When people use the term search engine in relation to the Web, they are usually referring to the actual search forms that search through databases of HTML documents, initially gathered by a robot.
There are basically three types of search engines: Those that are powered by robots (called crawlers; ants or spiders) and those that are powered by human submissions; and those that are a hybrid of the two.
Crawler-based search engines are those that use automated software agents (called crawlers) that visit a Web site, read the information on the actual site, read the site's meta tags and also follow the links that the site connects to performing indexing on all linked Web sites as well. The crawler returns all that information back to a central depository, where the data is indexed. The crawler will periodically return to the sites to check for any information that has changed. The frequency with which this happens is determined by the administrators of the search engine.
Human-powered search engines rely on humans to submit information that is subsequently indexed and catalogued. Only information that is submitted is put into the index.

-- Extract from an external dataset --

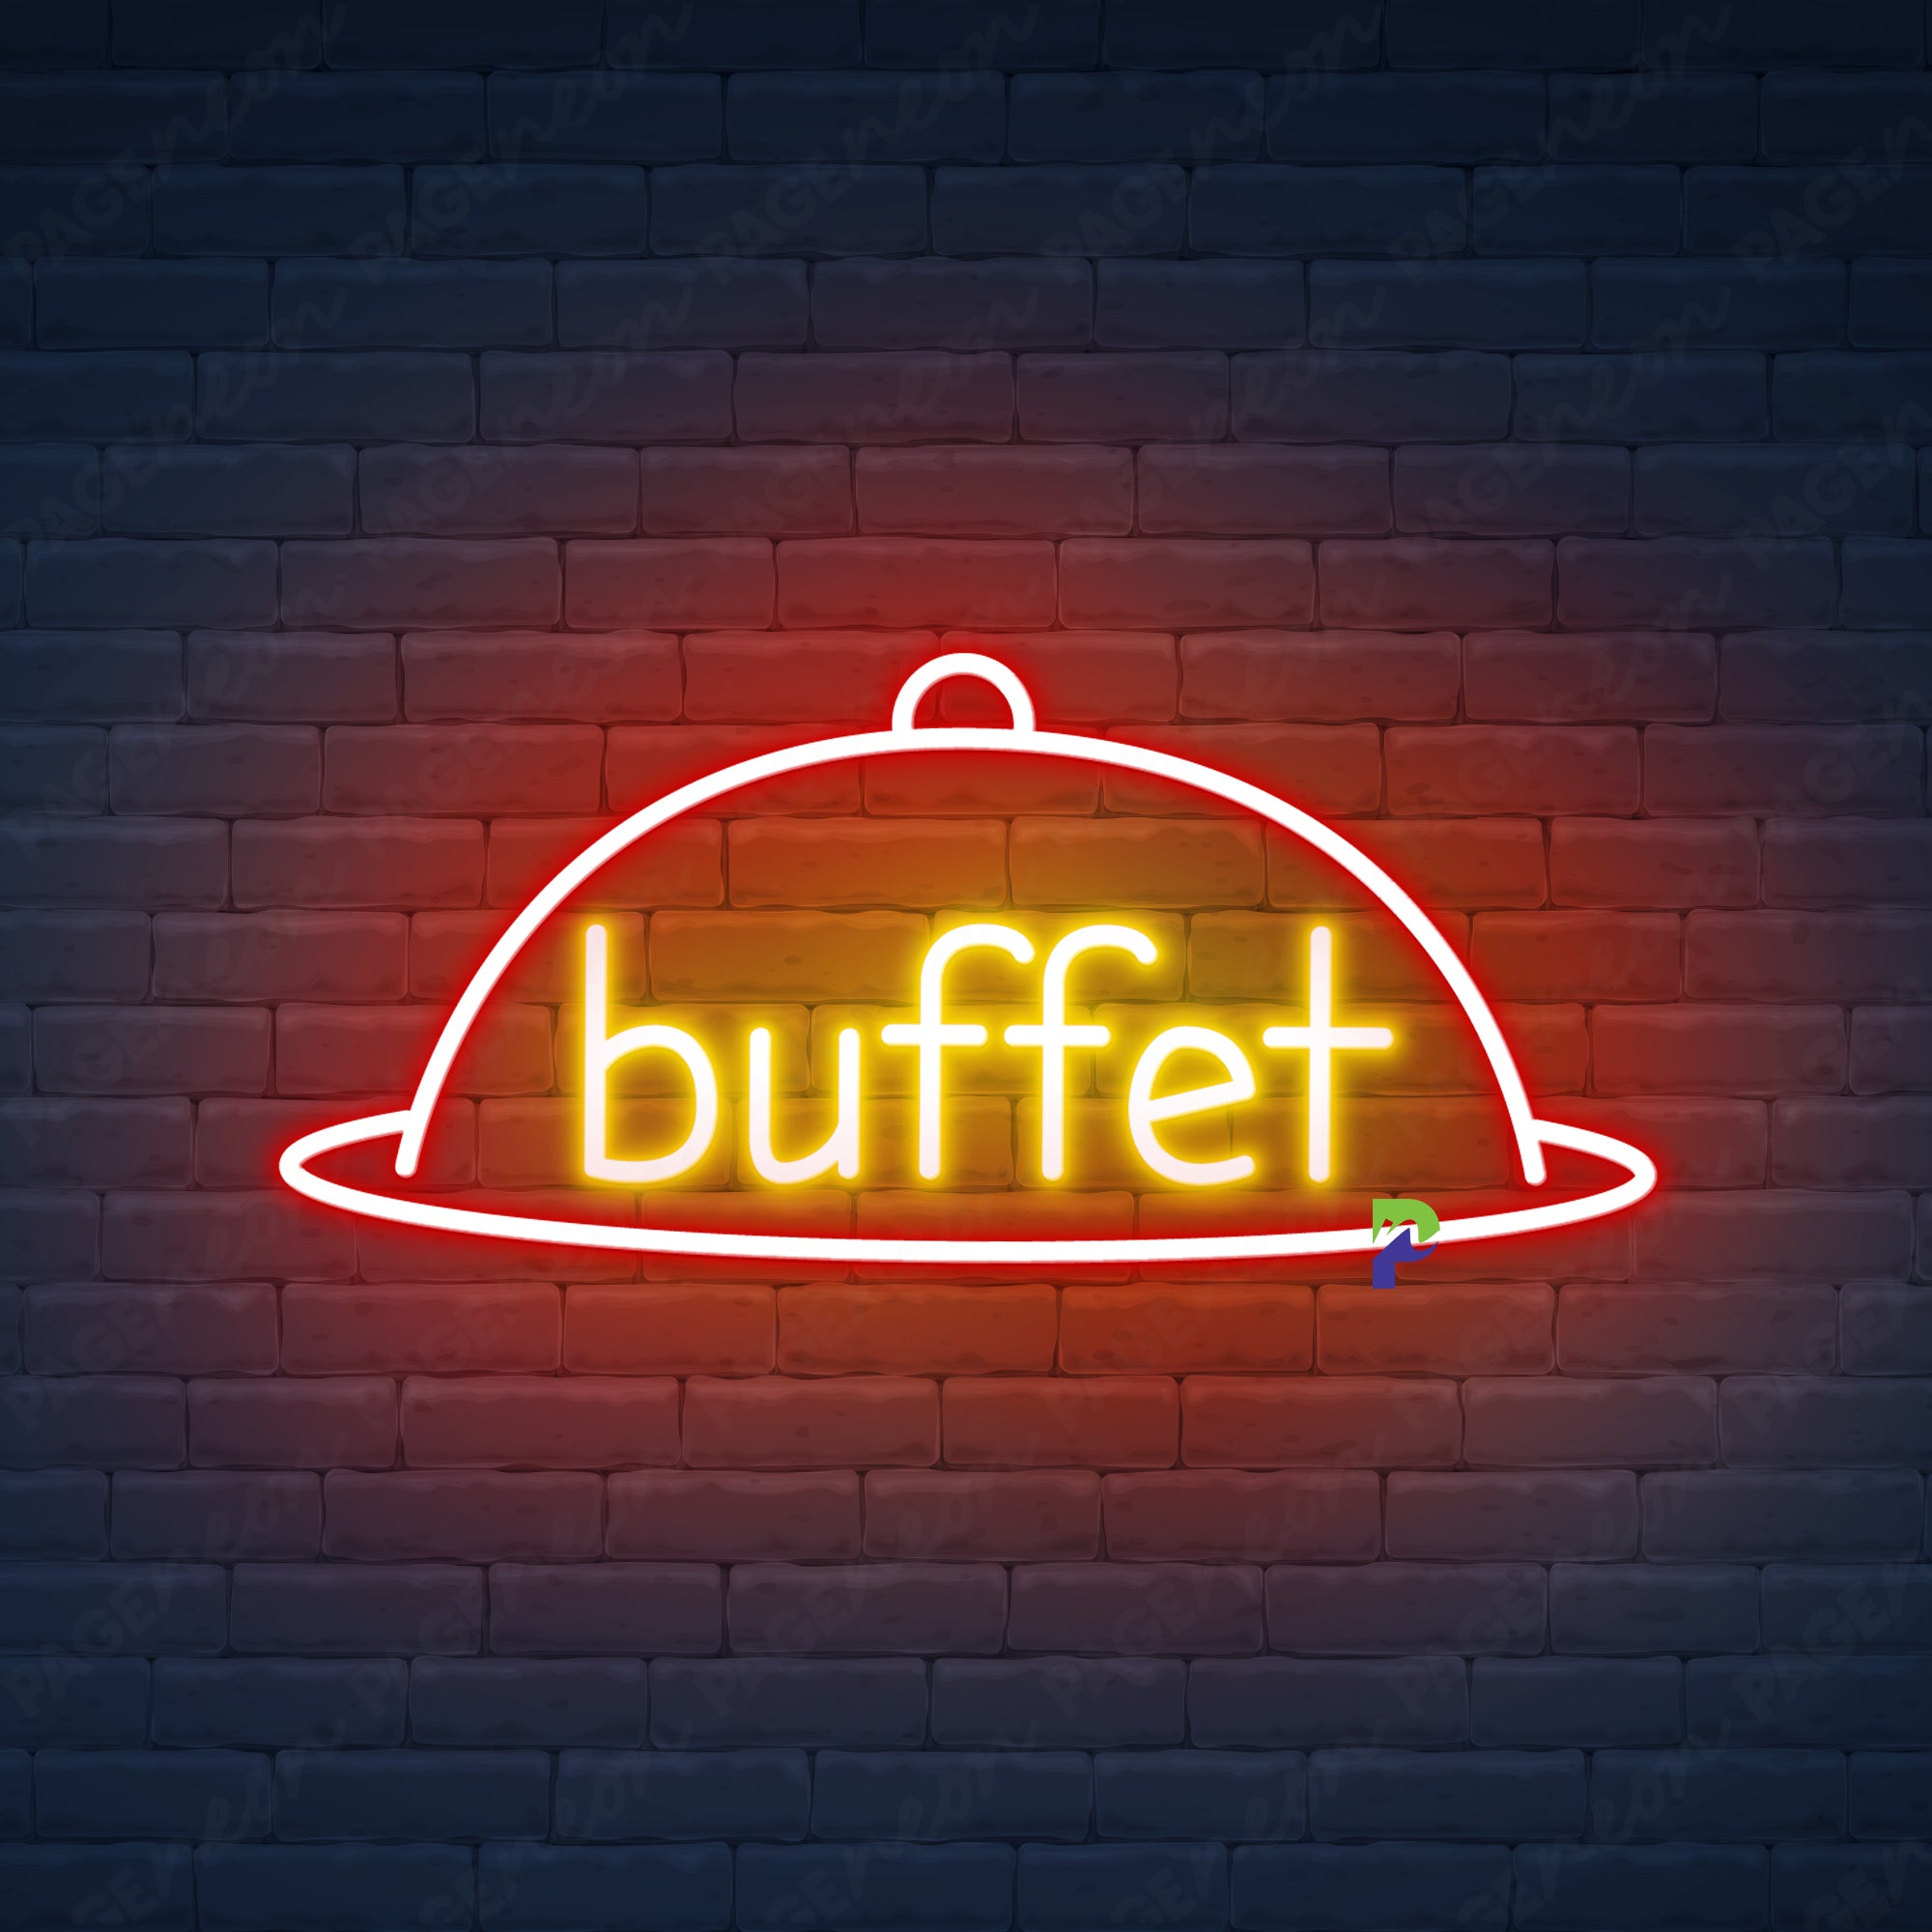 Buffet Neon Sign Business Big Led Light

In both cases, when you query a search engine to locate information, you're actually searching through the index that the search engine has created —you are not actually searching the Web. These indices are giant databases of information that is collected and stored and subsequently searched. This explains why sometimes a search on a commercial search engine, such as Yahoo! or Google, will return results that are, in fact, dead links. Since the search results are based on the index, if the index hasn't been updated since a Web page became invalid the search engine treats the page as still an active link even though it no longer is. It will remain that way until the index is updated.